**TASK BRIEF**. Pictures are to be dropped, and only the lines from the one containing "フォーム最も鎮痛剤コタセラ スパ シャンプー 750ml 詰め替え用" through the end of the data below are to be reproduced as written.

**THE DATA**.
※

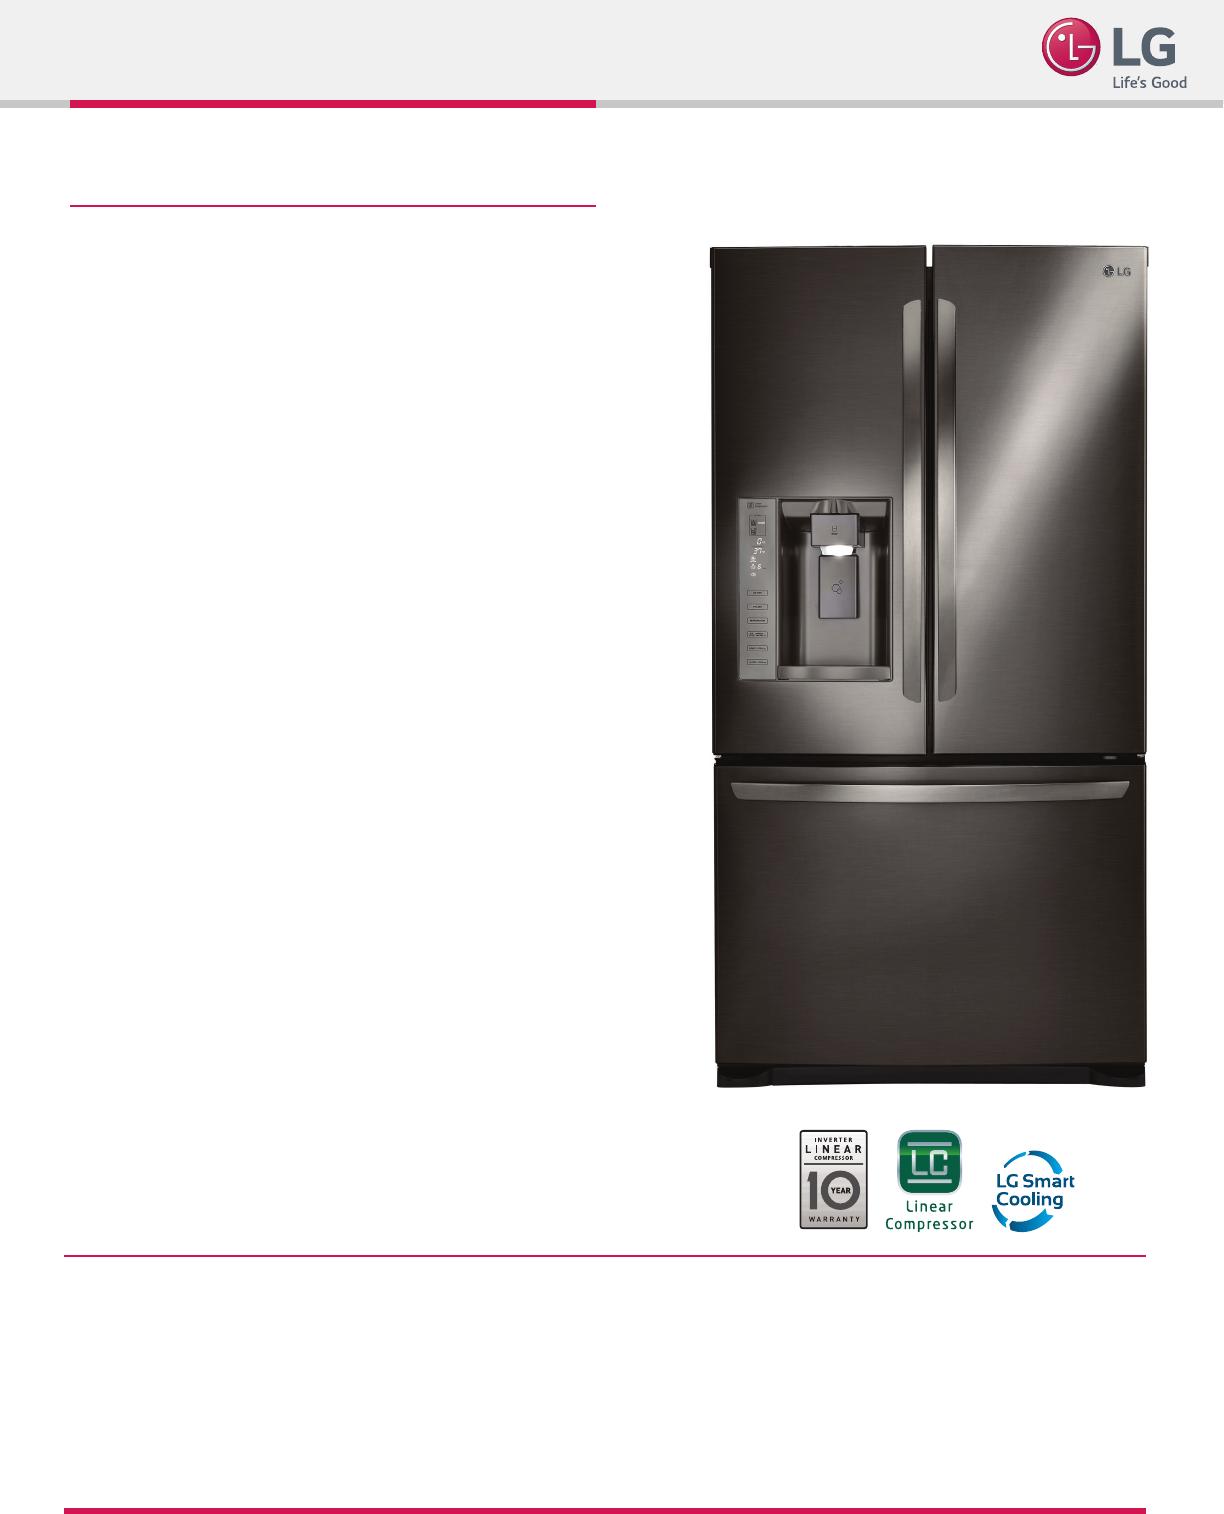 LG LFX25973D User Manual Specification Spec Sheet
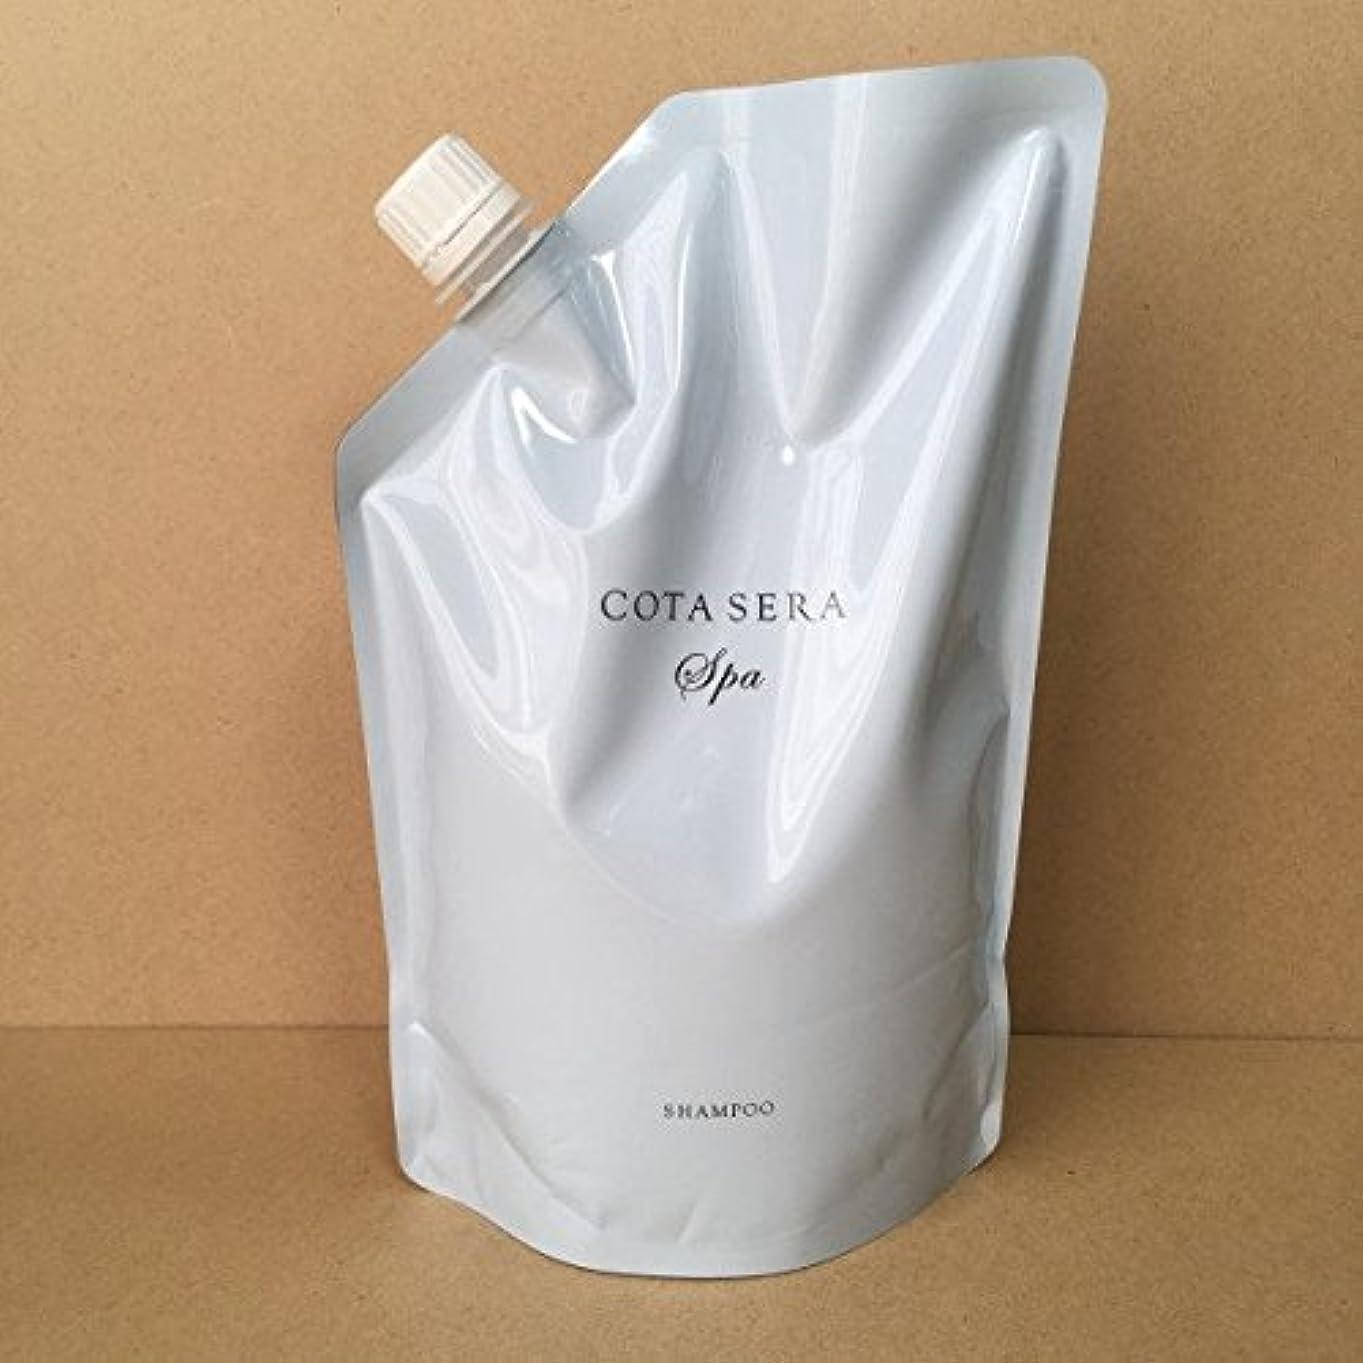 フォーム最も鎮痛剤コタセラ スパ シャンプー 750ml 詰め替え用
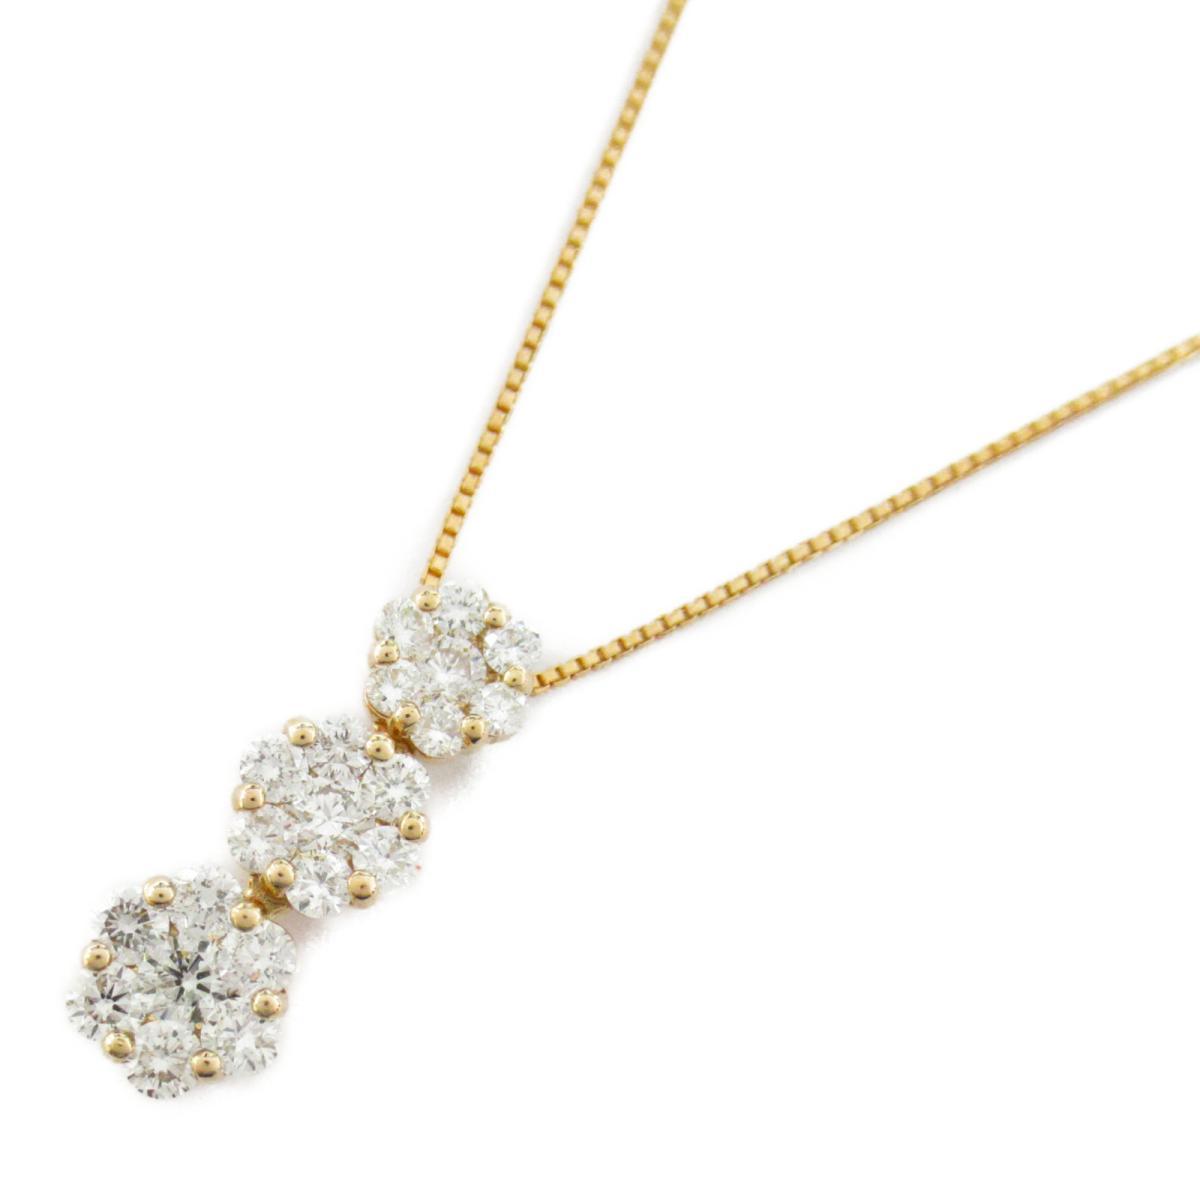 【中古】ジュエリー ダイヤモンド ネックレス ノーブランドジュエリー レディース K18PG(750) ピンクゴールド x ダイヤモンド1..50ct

※

**ANSWER SECTION**.
 フォーム最も鎮痛剤コタセラ スパ シャンプー 750ml 詰め替え用
 【中古】ジュエリー ダイヤモンド ネックレス ノーブランドジュエリー レディース K18PG(750) ピンクゴールド x ダイヤモンド1..50ct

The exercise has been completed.